The first level of Albomian Paradiso fails to include the luxuries and harps that I learned about in Sunday school. In fact, there exists an expectation of hard work, although of a very introspective nature. Eddie gets a little help from five souls that interacted with him in various degrees throughout his life. His ethereal guides include a blue-skinned freak who once worked at Ruby Pier, Eddie's old platoon captain, an elderly woman named Ruby (after whom the park was christened), his wife Marguerite, and … well, let's leave the last one shrouded in mystery (no, it isn't Jesus or Jehovah or any other deity you can think of.)
These people, who are working on the next level of the heavenly occupational progression, have been selected to teach lessons to Eddie. For example, Ruby explains to the ex-maintenance man why he must forgive his father for being abusive emotionally and physically. She does so by showing Eddie previously unknown scenes from his father's life that show the man wasn't as horrible as Eddie thought.
As Eddie continues on his spiritual course, Albom incorporates a few more interesting features into the story. Each person Eddie encounters occurs within his or her individually concocted realm. The blue man liked an earlier version of Ruby Pier, so that is the setting in which he hangs out. Every scene drips of symbolism and almost tacky imagery, but Albom spends more time describing anecdotes from Eddie's life than on the transient nature of heaven's appearance.

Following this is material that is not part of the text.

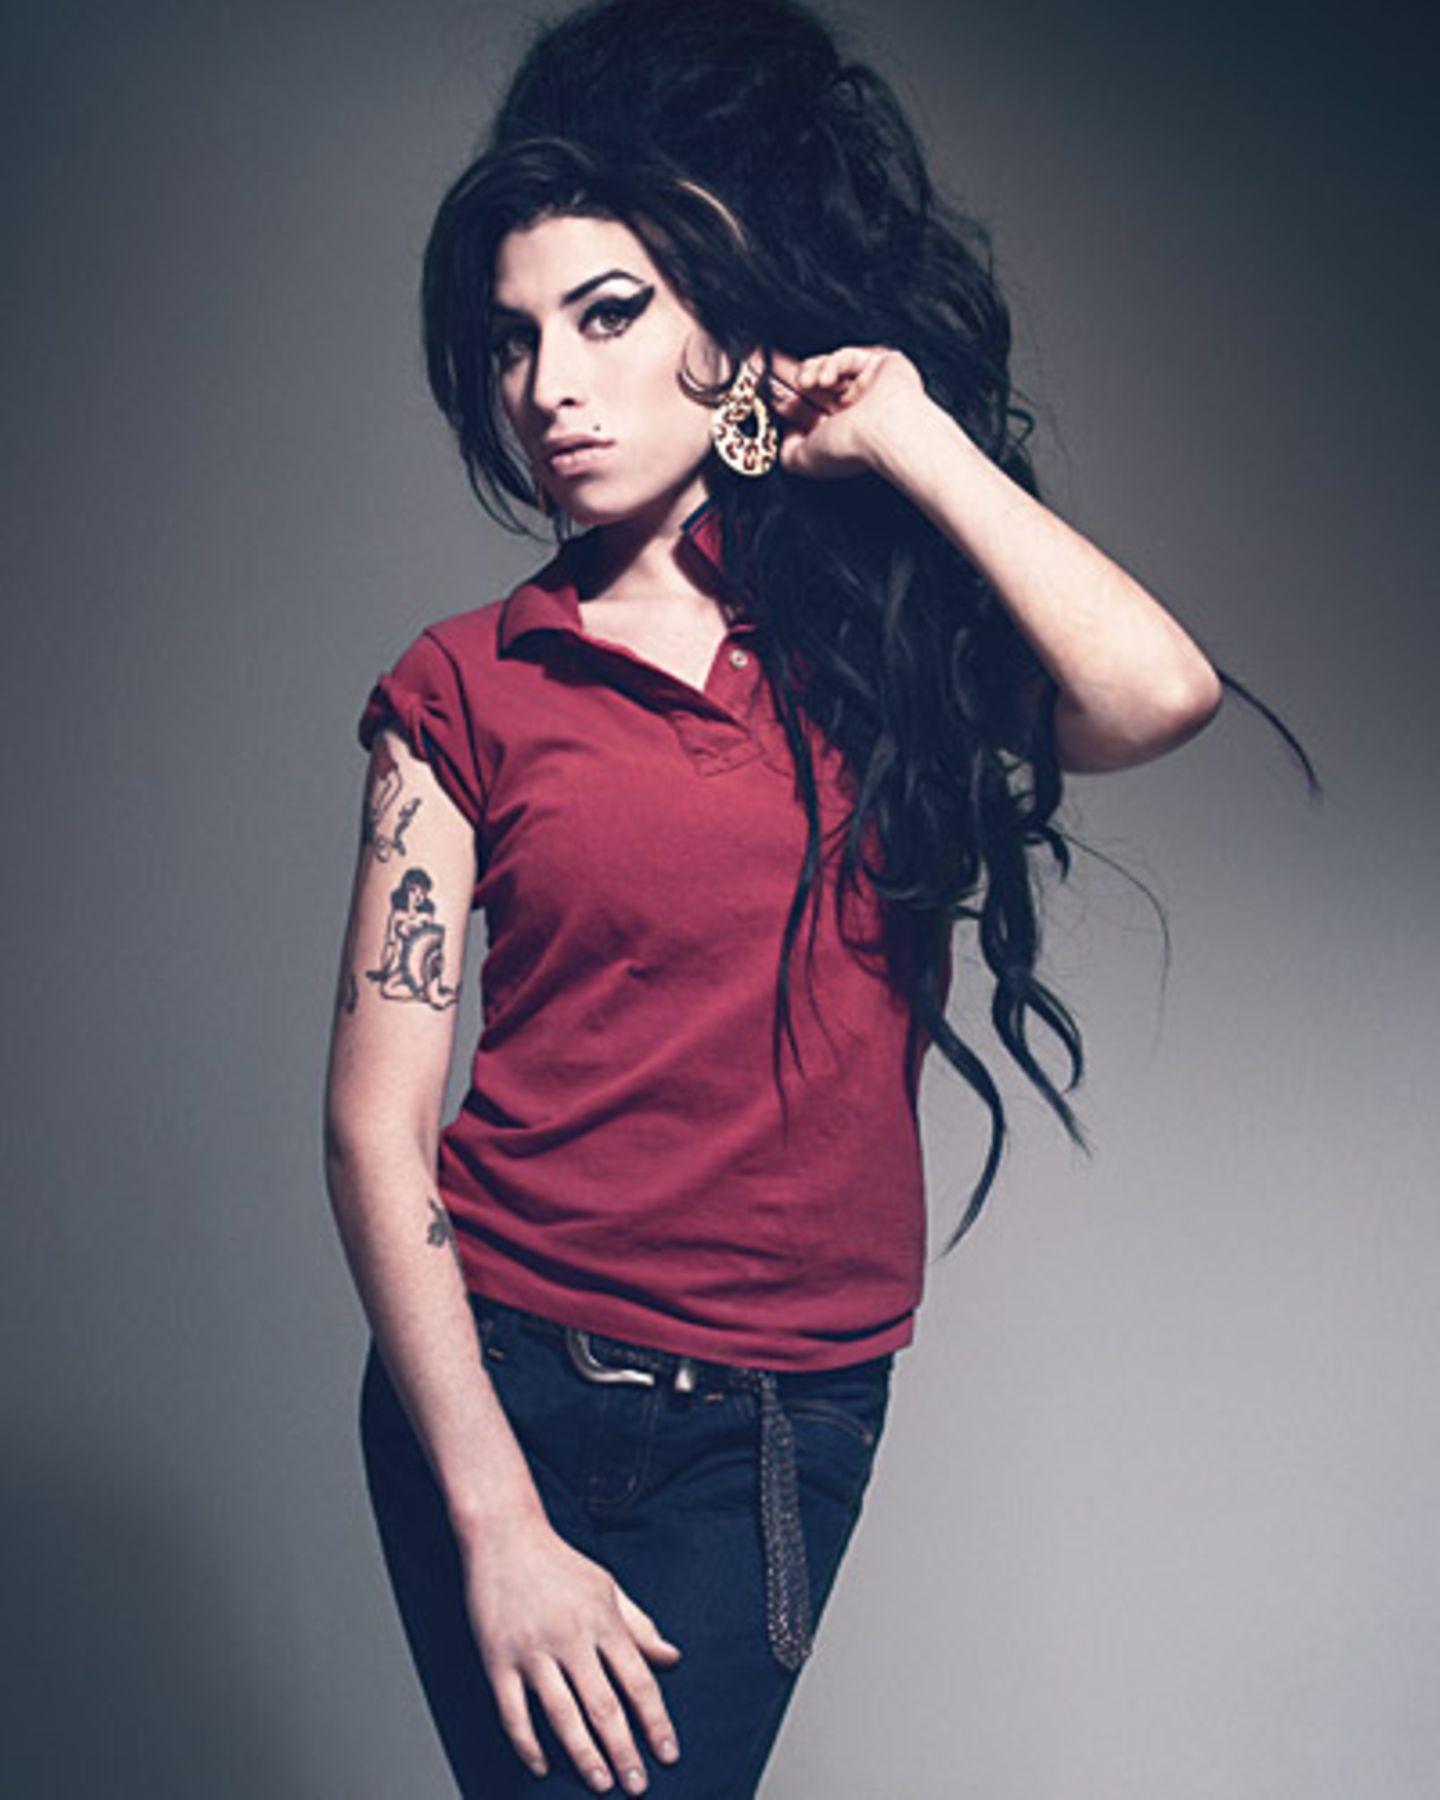 Bryan Adams hat nicht nur Talent als Musiker, sondern weiß auch wie man Stars wie Amy Winehouse gekonnt auf die Fotoleinwand ban

Every other chapter of the book generally details a certain birthday (e.g. Eddie turning 24), which supplies more detail to the anecdotes disclosed in Eddie's lessons. More often than not, these chapters discuss what went wrong in Eddie's life and why he appeared so miserable on his final birthday. Occasionally, Albom inserts a chapter dealing with how people on earth respond to the accident. These are generally short and lack genuine emotive energy, but they serve their purpose of showing concurrent events (although, as Eddie learns, time escapes perception in heaven.)
What are some of the lessons that Eddie learns? For one, sacrifice is a necessary part of life. This did not surprise me-Albom drilled altruism and collectivism into my head with "Tuesdays with Morrie." Hate consumes, forgiveness liberates-another patented Disney "truism." Marguerite expends a thought I haven't heard about in a while: "Lost love is still love, Eddie. It takes a different form … memory becomes your new partner."
I confess that Mitch Albom was on my author blacklist after "Morrie." The gall of that man, to supersaturate a book with Rococo-esque crap and blank shots at the evil institution of secularism! However, The "Five People You Meet in Heaven" removes him from my blacklist. Granted, fluffy morality permeates occasionally, and the writing certainly does not put Camus to shame, but this book is not bad. It has its high points and did not leave me with a bad taste of lovey-doveness in my mouth. I suggest this book for those looking to give Albom another chance, and for those that liked the movie "What Dreams May Come." That is, if anyone saw it.